There are 2 possible actions: push the cart to the left (0) or to the right (1) and there are 4 possible states: [Position Velocity Angle Velocity_at_tip]

- position: min = -4.8, max = 4.8
- velocity: min = -3.4e38, max = 3.4e38
- angle: min = -0.4, max = +0.4
- velocity at tip: min = -3.4e38, max = 3.4e38

## Define a policy function returning random actions

In [27]:
def policy():
    """ return a random action: either 0 (left) or 1 (right)"""
    action = env.action_space.sample()  
    return action

## Iterate over episodes and timesteps

In [28]:
nb_episodes = 20
nb_timesteps = 100

for episode in range(nb_episodes):  # iterate over the episodes
    state = env.reset()             # initialise the environment
    rewards = []
    
    for t in range(nb_timesteps):    # iterate over time steps
        env.render()                 # display the environment
        state, reward, done, info = env.step(policy())  # implement the action chosen by the policy
        rewards.append(reward)      # add 1 to the rewards list
        
        if done: # the episode ends either if the pole is > 15 deg from vertical or the cart move by > 2.4 unit from the centre
            cumulative_reward = sum(rewards)
            print("episode {} finished after {} timesteps. Total reward: {}".format(episode, t+1, cumulative_reward))  
            break
    
env.close()

episode 0 finished after 16 timesteps. Total reward: 16.0
episode 1 finished after 15 timesteps. Total reward: 15.0
episode 2 finished after 15 timesteps. Total reward: 15.0
episode 3 finished after 11 timesteps. Total reward: 11.0
episode 4 finished after 17 timesteps. Total reward: 17.0
episode 5 finished after 12 timesteps. Total reward: 12.0
episode 6 finished after 12 timesteps. Total reward: 12.0
episode 7 finished after 10 timesteps. Total reward: 10.0
episode 8 finished after 25 timesteps. Total reward: 25.0
episode 9 finished after 28 timesteps. Total reward: 28.0
episode 10 finished after 18 timesteps. Total reward: 18.0
episode 11 finished after 12 timesteps. Total reward: 12.0
episode 12 finished after 45 timesteps. Total reward: 45.0
episode 13 finished after 34 timesteps. Total reward: 34.0
episode 14 finished after 9 timesteps. Total reward: 9.0
episode 15 finished after 10 timesteps. Total reward: 10.0
episode 16 finished after 55 timesteps. Total reward: 55.0
episode 1

## Define a new hardcoded policy: alternate right push and left push

In [29]:
def policy(t):
    action = 0
    if t%2 == 1:  # if is odd
        action = 1
    return action

## Iterate with the new policy

In [30]:
nb_episodes = 20
nb_timesteps = 100

for episode in range(nb_episodes):
    state = env.reset()             
    rewards = []
    frames = []
    
    for t in range(nb_timesteps):   
        #env.render()
        frames.append(env.render(mode = 'rgb_array'))
        state, reward, done, info = env.step(policy(t))
        rewards.append(reward)
        
        if done: 
            cumulative_reward = sum(rewards)
            print("episode {} finished after {} timesteps.

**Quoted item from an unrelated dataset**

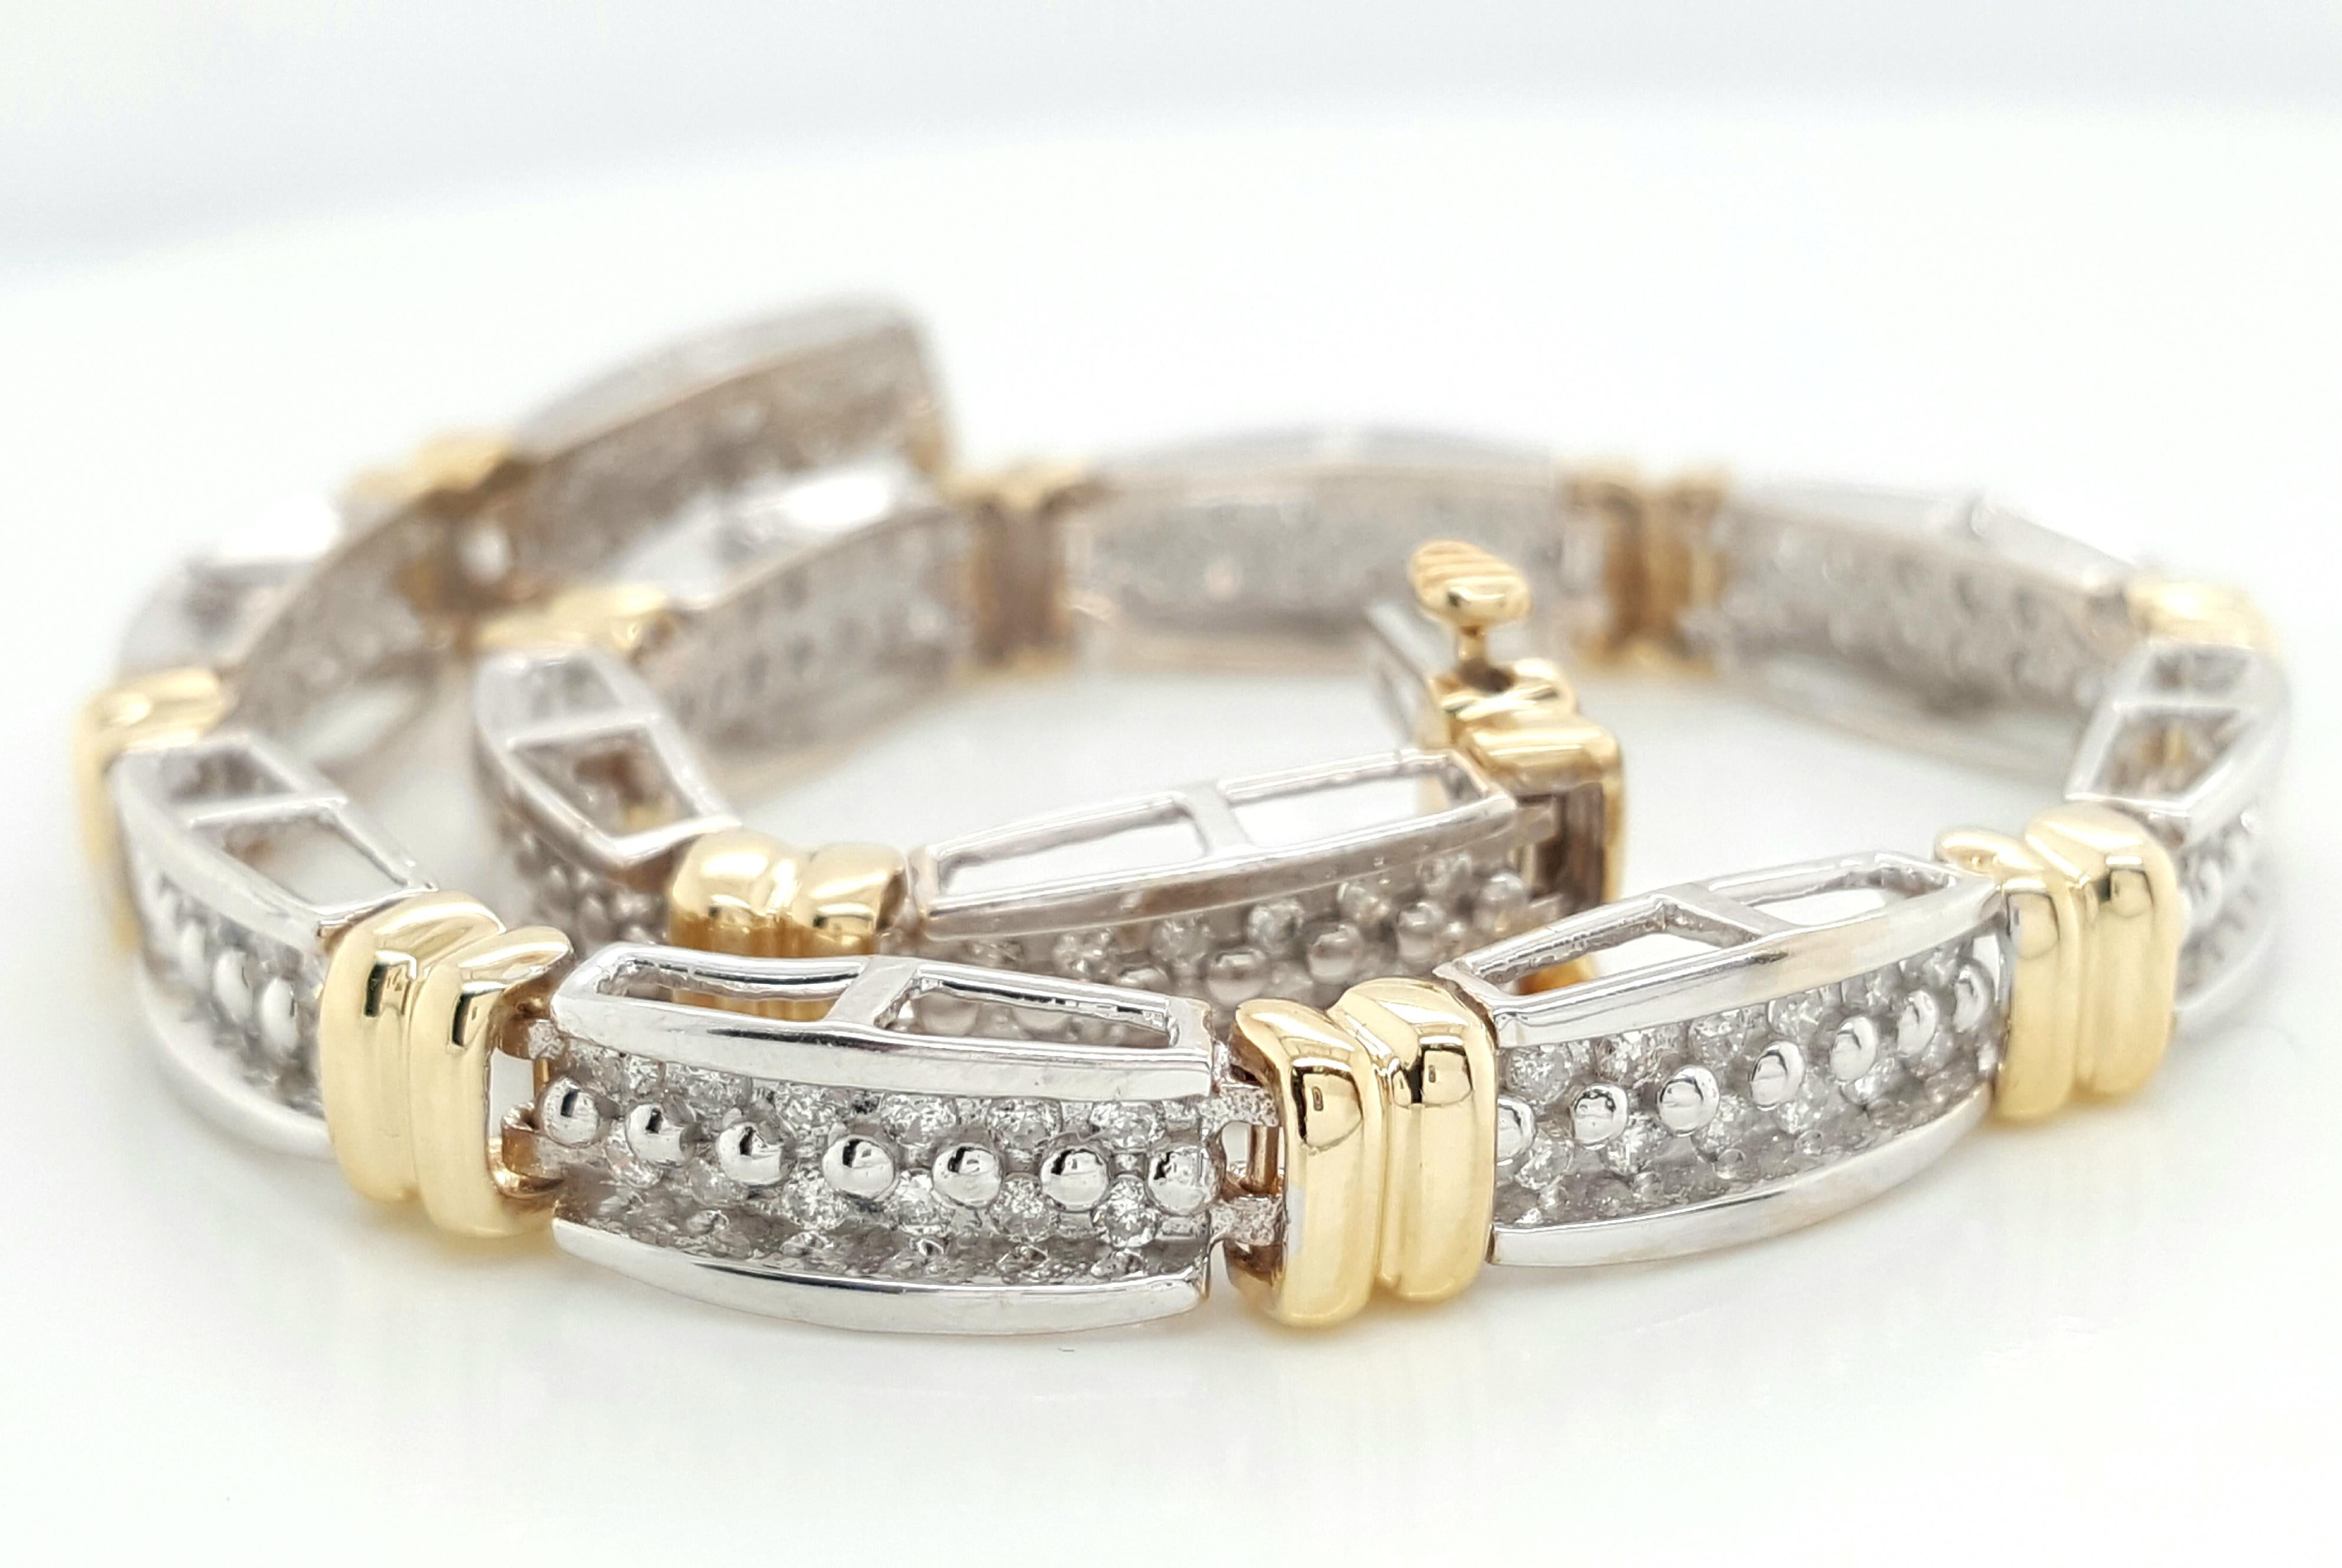 2 Carat Round Cut Diamond 14 Karat Two Tone Gold Bracelet In Good Condition For Sale In Addison, TX

Total reward: {}".format(episode, t+1, cumulative_reward))  
            break
    
env.close()

episode 0 finished after 23 timesteps. Total reward: 23.0
episode 1 finished after 30 timesteps. Total reward: 30.0
episode 2 finished after 36 timesteps. Total reward: 36.0
episode 3 finished after 53 timesteps. Total reward: 53.0
episode 4 finished after 34 timesteps. Total reward: 34.0
episode 5 finished after 37 timesteps. Total reward: 37.0
episode 6 finished after 35 timesteps. Total reward: 35.0
episode 7 finished after 22 timesteps. Total reward: 22.0
episode 8 finished after 22 timesteps. Total reward: 22.0
episode 9 finished after 44 timesteps. Total reward: 44.0
episode 10 finished after 55 timesteps. Total reward: 55.0
episode 11 finished after 28 timesteps. Total reward: 28.0
episode 12 finished after 62 timesteps. Total reward: 62.0
episode 13 finished after 33 timesteps. Total reward: 33.0
episode 14 finished after 55 timesteps. Total reward: 55.0
episode 15 finished after 68 timesteps. Total reward: 68.0
episode 16 finished after 29 timesteps. Total reward: 29.0
episode

In [31]:
display_frames_as_gif(frames)

Of course, these hardcoded policies are not very interesting... Let's see how we can implement reinforcement learning algorithms to learn these policies in the next notebook.